Heat exchanger (10) for a turbomachine, comprising at least a first and a second stage (E1, E2) separated by a transverse plate (20), each stage (E1, E2) allowing the circulation respectively of a first fluid (14) and a second fluid (16), the exchanger (10) being configured so that the first and the second fluid (14, 16) each circulate in its stage (E1, E2) and intersect in an exchange zone (12), at least one of the first and second stages (E1, E2) further comprising, upstream of the exchange zone (12) in the direction of circulation of the first fluid ( 14), a distribution zone (24), the distribution zone (24) comprising a deflection zone (27) of the first fluid (14),
the exchanger (10) being characterized in that:
- the distribution zone (24) has three distinct parts (A, B, C):
- a first part (A), located upstream of the deflection point, comprising at least two fins substantially perpendicular to the plate (20) and having a constant direction,
- a second part (B), located at the location of the deflection zone (27) of the fluids (14, 16), comprising at least two main deflectors (28) substantially perpendicular to the plate (20) and each having a global deflection angle (β),
- a third part (C) comprising the at least two main deflectors (28) and at least two secondary deflectors (30) substantially perpendicular to the plate (20) and interposed between the main deflectors (28), and
- the first part (A) is located, according to the direction of circulation of the first fluid (14), upstream of the second part (B), itself upstream of the third part (C).
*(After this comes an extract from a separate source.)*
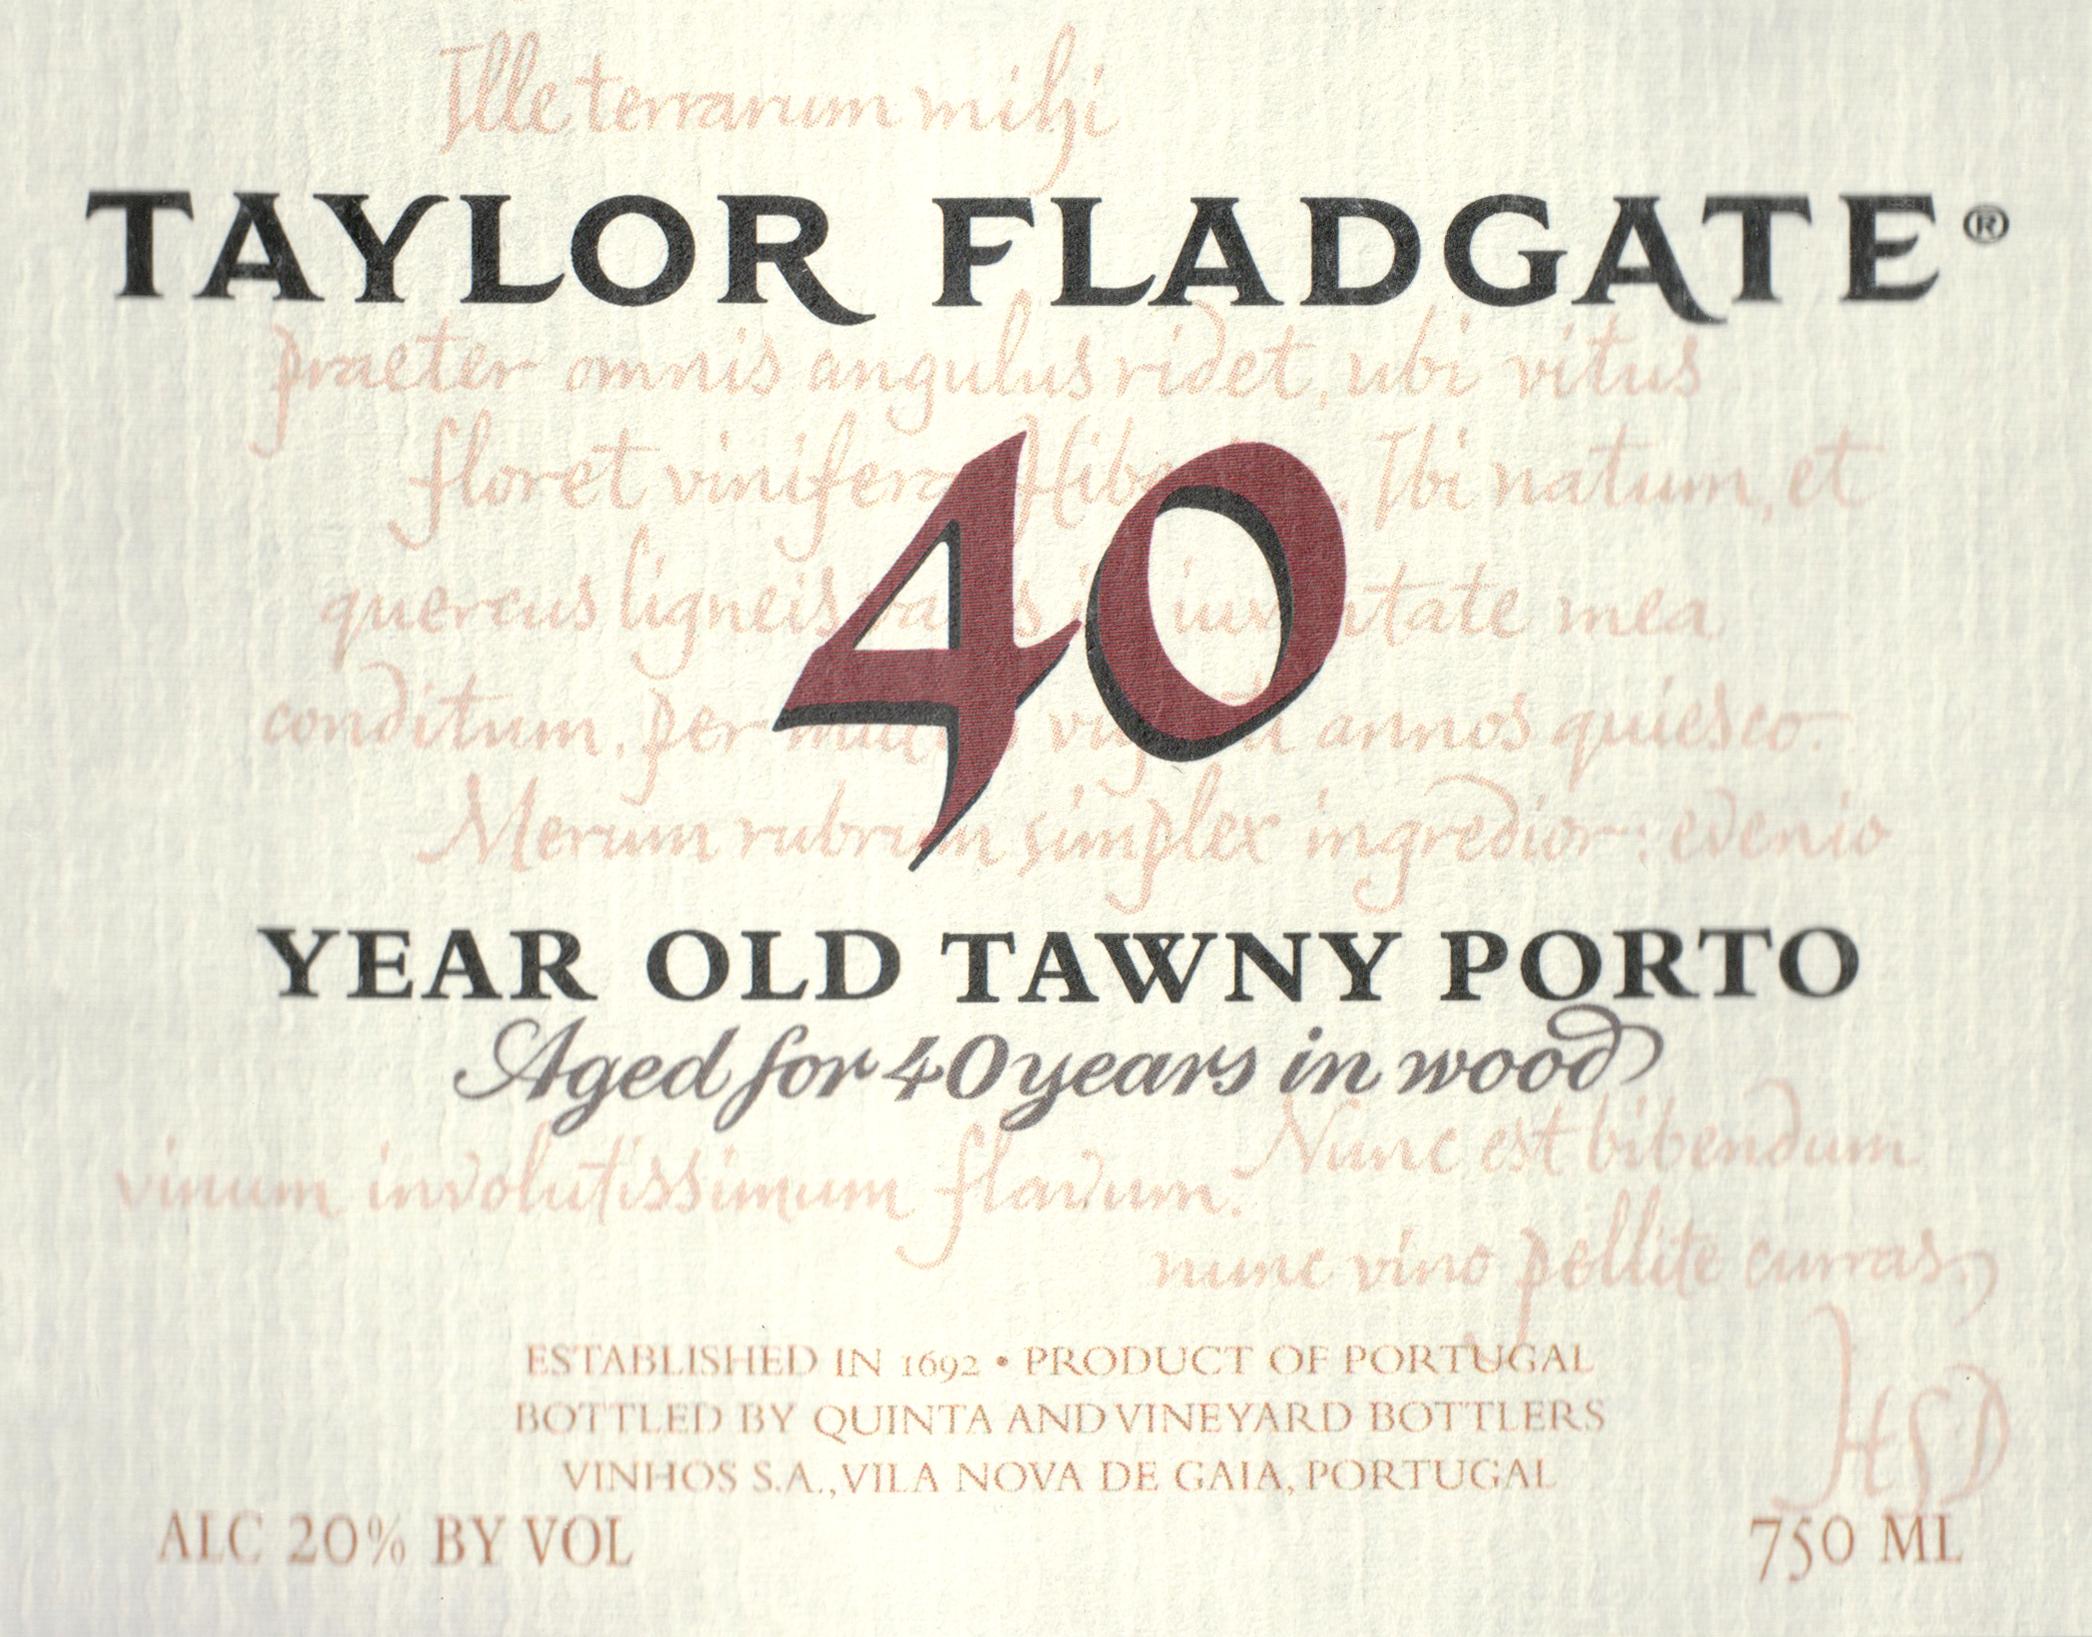 Taylor Fladgate 40 Year Tawny Port

Exchanger (10) according to the preceding claim, characterized in that the at least two secondary deflectors (30) are inserted asymmetrically between the at least two main deflectors (28). Exchanger (10) according to any one of the preceding claims, characterized in that the at least two main deflectors (28) each have the same overall deflection angle (β) and are separated by a constant spacing (32a). Exchanger (10) according to any one of claims 1 or 2, characterized in that the at least two main deflectors (28) each have a different overall deflection angle (β) and are separated by a variable spacing (32). Exchanger (10) according to one of Claims 3 and 4, characterized in that each main deflector (28) has a rounded portion, the radius of curvature of this portion being between 0.5 cm and 10 cm. Exchanger (10) according to any one of the preceding claims, characterized in that the second part (B) comprises at least three main deflectors (28), the spacing (32) between two main deflectors (28) being different from one spacing to another. Exchanger (10) according to any one of the preceding characteristics, characterized in that the first fluid (14) circulates on a first face of the plate (20), the second fluid (16) circulates on a second face of the plate ( 20). Exchanger (10) according to any one of the preceding characteristics, characterized in that only the first fluid (14) is deflected. Exchanger (10) according to any one of the preceding characteristics, characterized in that the first fluid (14) is deflected upstream of the exchange zone (12) and downstream of the exchange zone (12). Exchanger (10) according to any one of the preceding claims, characterized in that it is obtained by additive manufacturing. Turbomachine comprising at least one exchanger (10) according to any one of the preceding claims. Aircraft comprising at least one turbomachine according to the preceding claim.